Assessing and Improving Prediction and Classification: Theory and Algorithms in C++

Timothy Masters

  • 出版商: Apress
  • 出版日期: 2017-12-20
  • 售價: $3,240
  • 貴賓價: 9.5$3,078
  • 語言: 英文
  • 頁數: 517
  • 裝訂: Paperback
  • ISBN: 1484233352
  • ISBN-13: 9781484233351
  • 相關分類: C++ 程式語言Algorithms-data-structures
  • 海外代購書籍(需單獨結帳)

商品描述

Assess the quality of your prediction and classification models in ways that accurately reflect their real-world performance, and then improve this performance using state-of-the-art algorithms such as committee-based decision making, resampling the dataset, and boosting.  This book presents many important techniques for building powerful, robust models and quantifying their expected behavior when put to work in your application.

Considerable attention is given to information theory, especially as it relates to discovering and exploiting relationships between variables employed by your models.  This presentation of an often confusing subject avoids advanced mathematics, focusing instead on concepts easily understood by those with modest background in mathematics.

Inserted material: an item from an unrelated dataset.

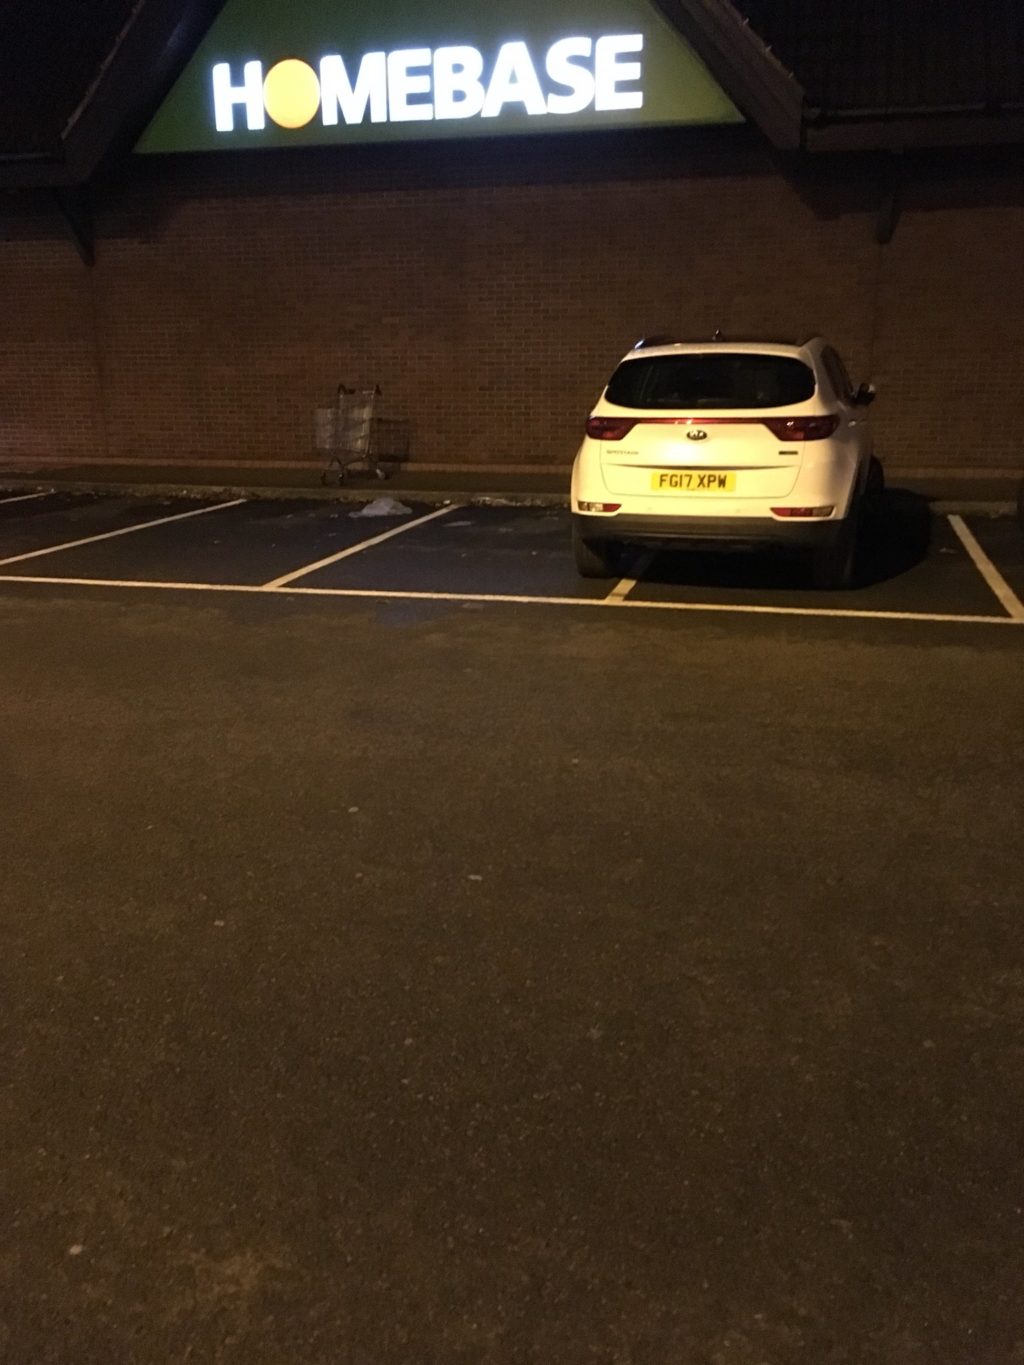 P17 FPW displaying Selfish Parking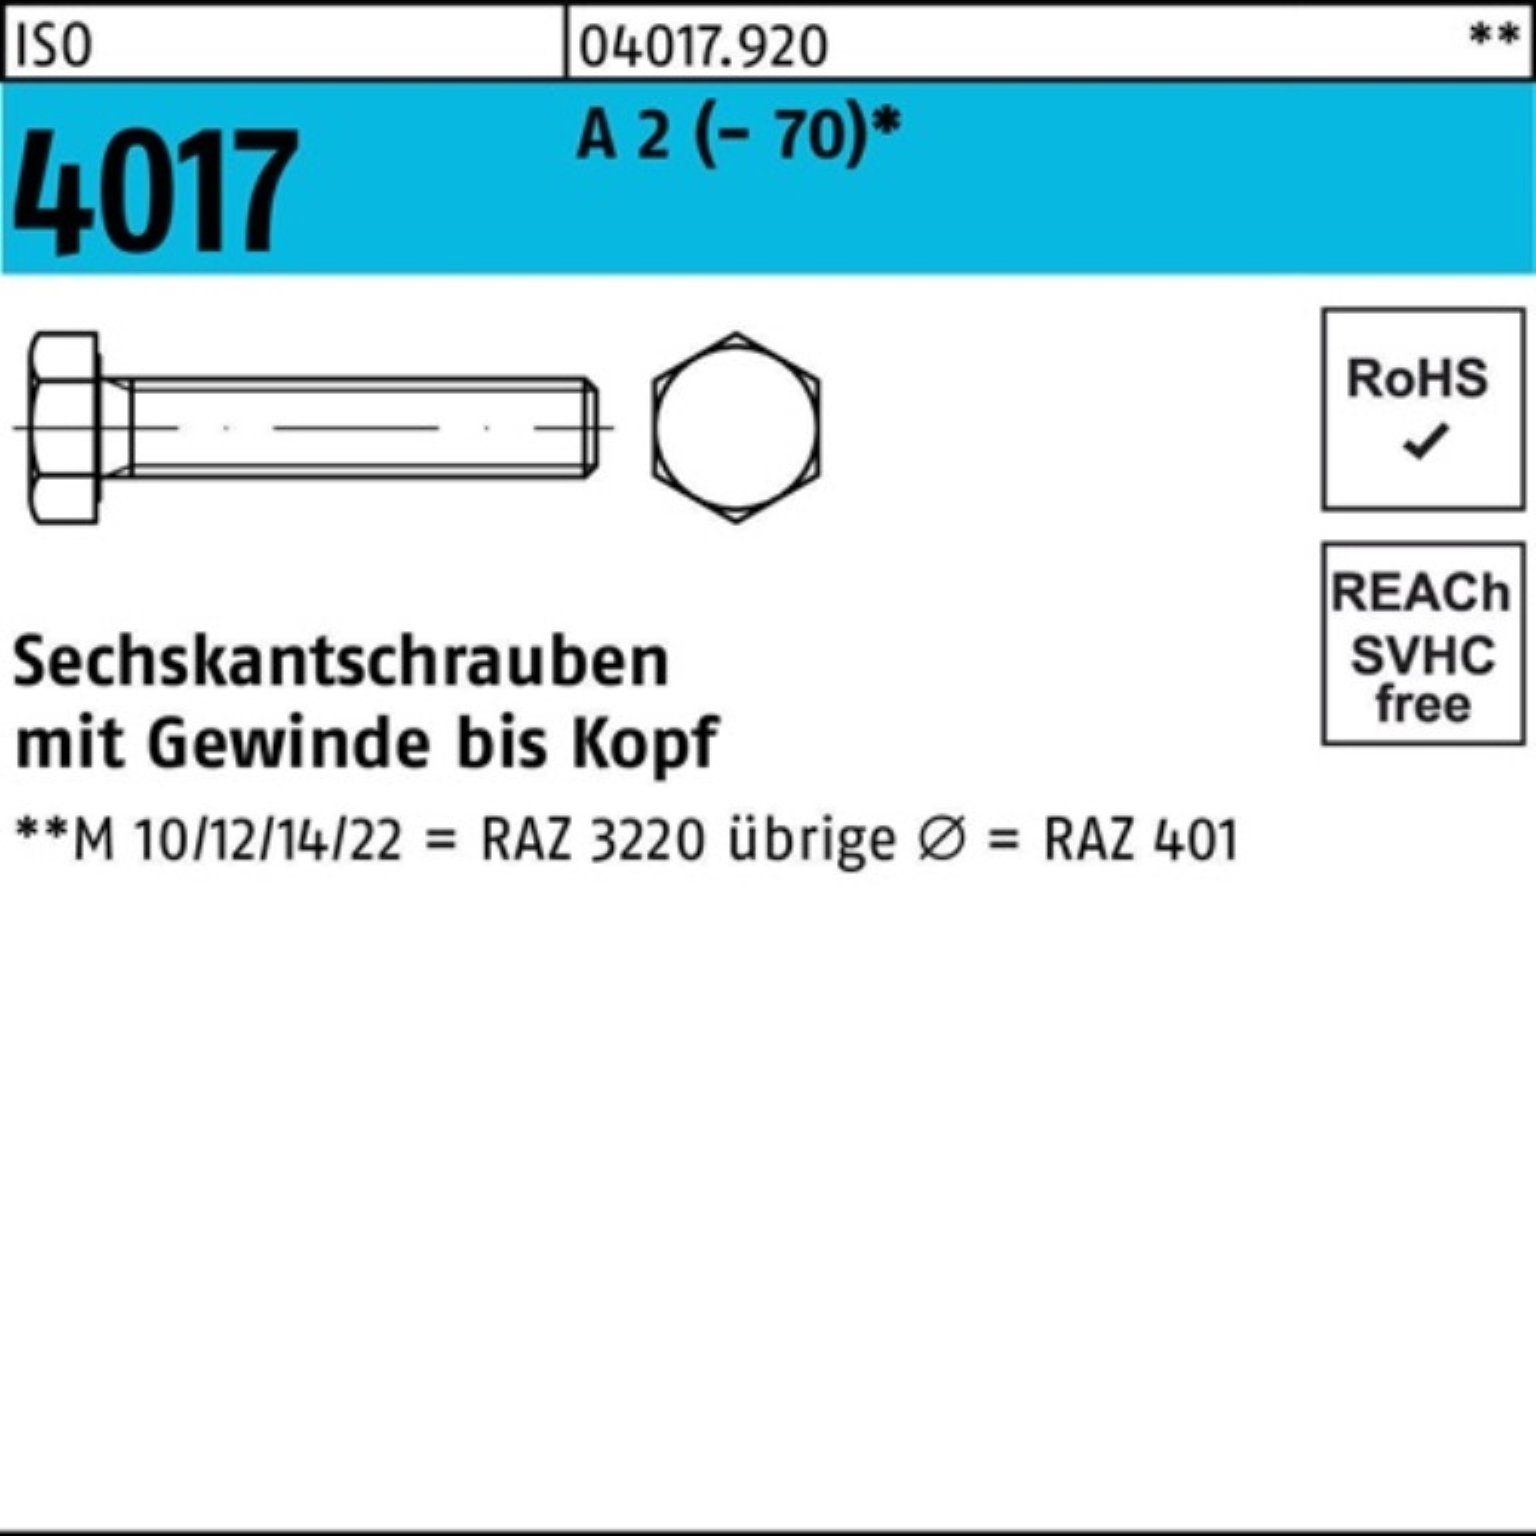 Bufab Sechskantschraube 100er Pack Sechskantschraube ISO 4017 VG M6x 40 A 2 (70) 100 Stück

All algorithms include an intuitive explanation of operation, essential equations, references to more rigorous theory, and commented C++ source code.  Many of these techniques are recent developments, still not in widespread use.  Others are standard algorithms given a fresh look.  In every case, the emphasis is on practical applicability, with all code written in such a way that it can easily be included in any program.


What You'll Learn
  • Compute entropy to detect problematic predictors.
  • Compute confidence and tolerance intervals for predictions, as well as confidence levels for classification decisions.
  • Improve numeric predictions using constrained and unconstrained combinations, variance-weighted interpolation, and kernel-regression smoothing.
  • Improve classification decisions using Borda counts, MinMax and MaxMin rules, union and intersection rules, logistic regression, selection by local accuracy, maximization of the fuzzy integral, and pairwise coupling.
  • Use information-theoretic techniques to rapidly screen large numbers of candidate predictors, identifying those that are especially promising.
  • Use Monte-Carlo permutation methods to assess the role of good luck in performance results.


Who This Book is For

Anyone who creates prediction or classification models will find a wealth of useful algorithms in this book.  Although all code examples are written in C++, the algorithms are described in sufficient detail that they can easily be programmed in any language.

商品描述(中文翻譯)

評估您的預測和分類模型的品質,以準確反映其在現實世界中的表現,並使用委員會式決策、重新取樣數據集和增強等最新算法來提高性能。本書介紹了許多重要的技術,用於構建強大、穩健的模型,並量化它們在應用中的預期行為。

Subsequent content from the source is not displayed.